В столовой за круглым обеденным столом сидели мама и дядя Белкин из Особого отдела. Он что-то писал, не поднимая головы. Я его хорошо знал. Он был веселый, большой любитель «расписать пульку» и часто у нас бывал. Он, наверное, не расслышал и не ответил мне, и я подошел к нему, чтобы поздороваться еще раз. В этот момент из кабинета отца вышел дядя Сарычев, помощник Белкина, самый заядлый охотник в части. У него было мировецкое ружье — «Зауэр-три-кольца», я сам видел. Говорили, что ему отдал его комиссар наш Вдовин. «Выклянчил», — презрительно оттопырив губы, цедил сын комиссара Игорь на мальчишеских сходках.
— Здрассте...
— Уберите ребенка. — Он отворил дверь пошире и сказал в нее: — Ну, пошли...

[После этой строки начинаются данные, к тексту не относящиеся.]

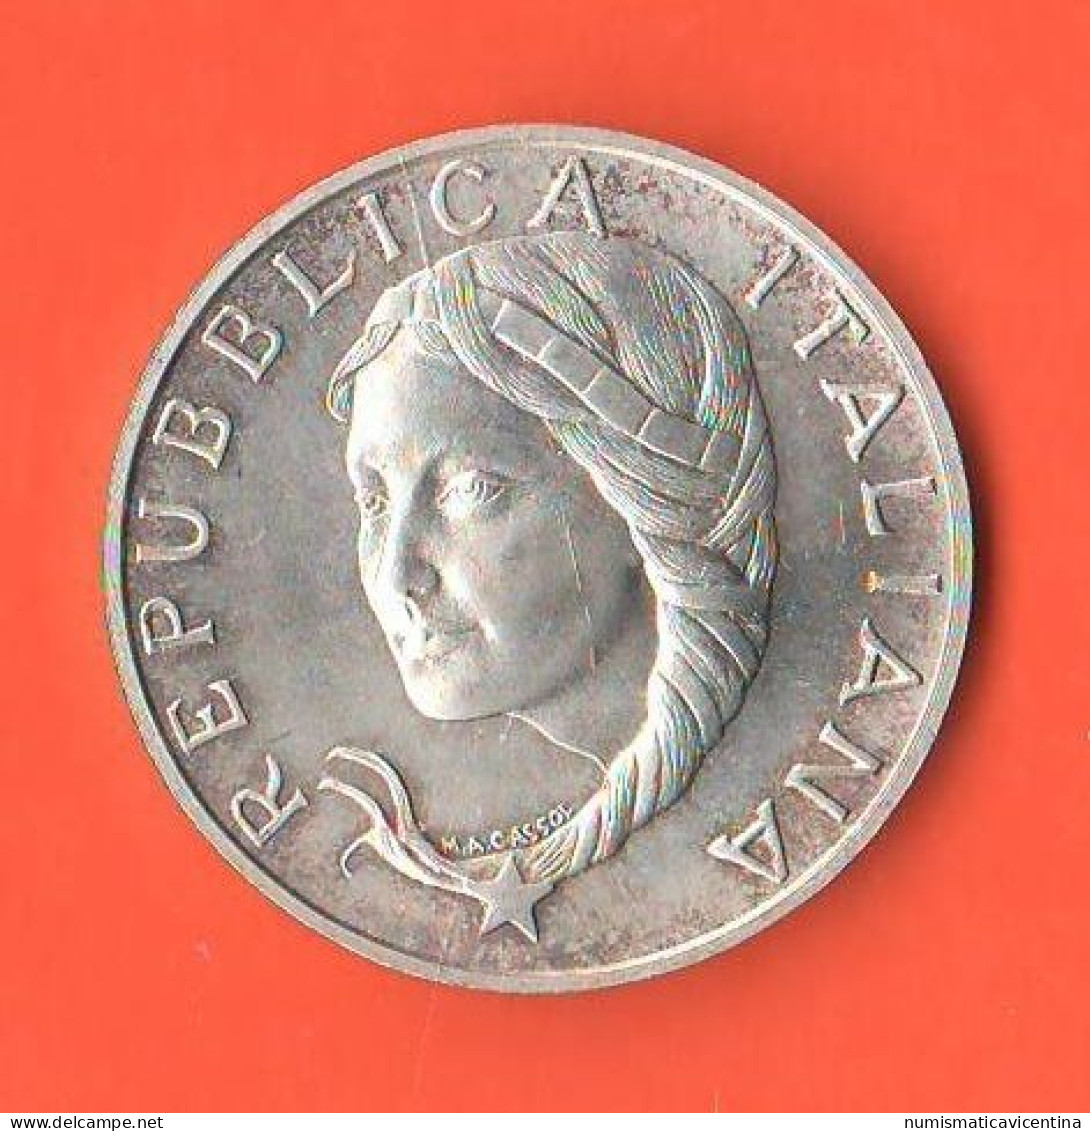 Italia 5000 Lire 1996 Presidenza Cee Italian Presidency European Union Italy Italie Silver Coin - Commémoratives
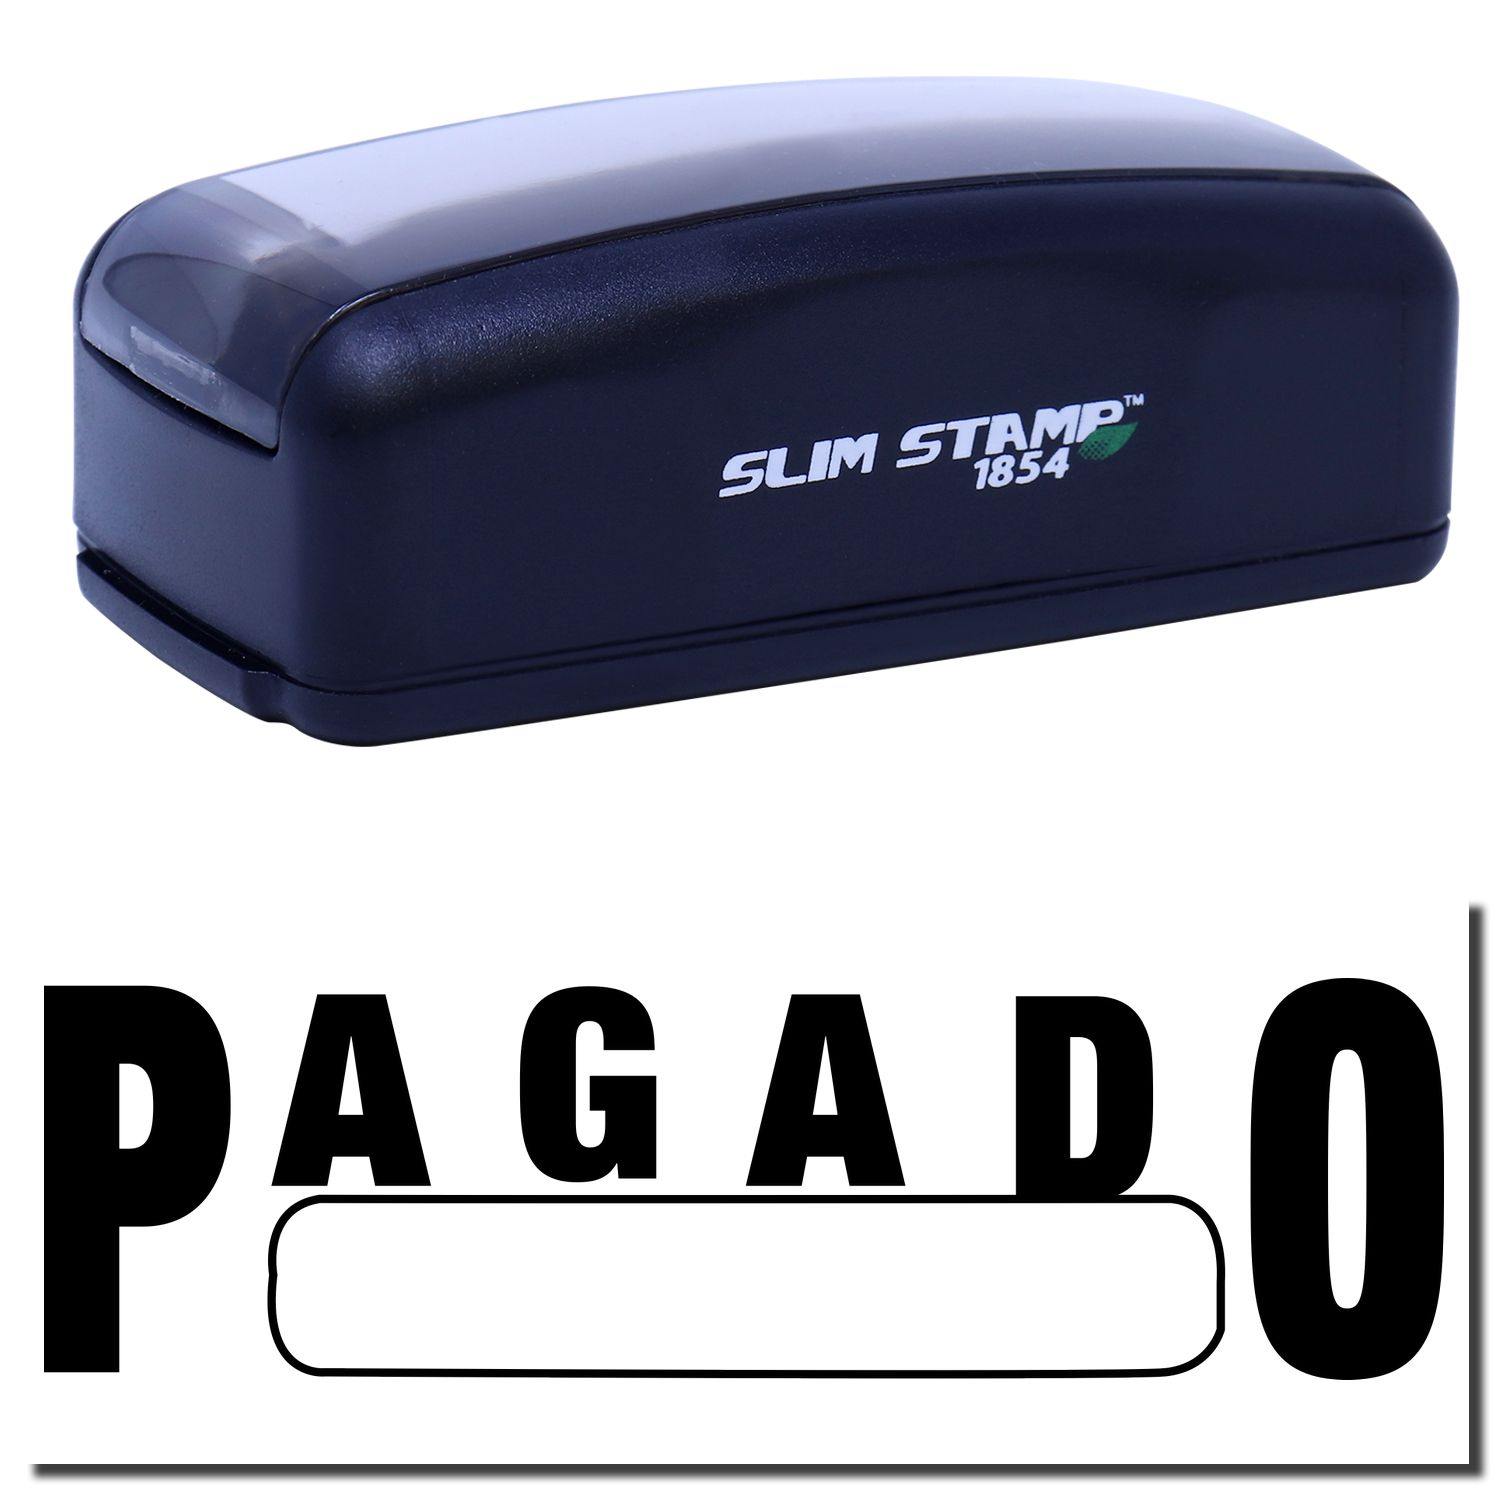 Large Pre-Inked Pagado with Box Stamp Main Image

Из кабинета вышел отец с каким-то узлом, завернутым в красное верблюжье одеяло, ездившее с ним еще с Туркестанского фронта.
— Па, ты уезжа...
— Толюша, подойди, попрощайся с папой...
Мама говорила отчетливо, сухим звучным голосом, почти таким же, каким обычно вела уроки немецкого языка у курсантов и в нашей школе у старшеклассников. Но мне казалось, что где-то внутри, в горле у нее натянулась и мелко-мелко дрожит какая-то струнка. И мне надо все, что она говорит, быстро выполнять, потому что струнка может не выдержать и порваться...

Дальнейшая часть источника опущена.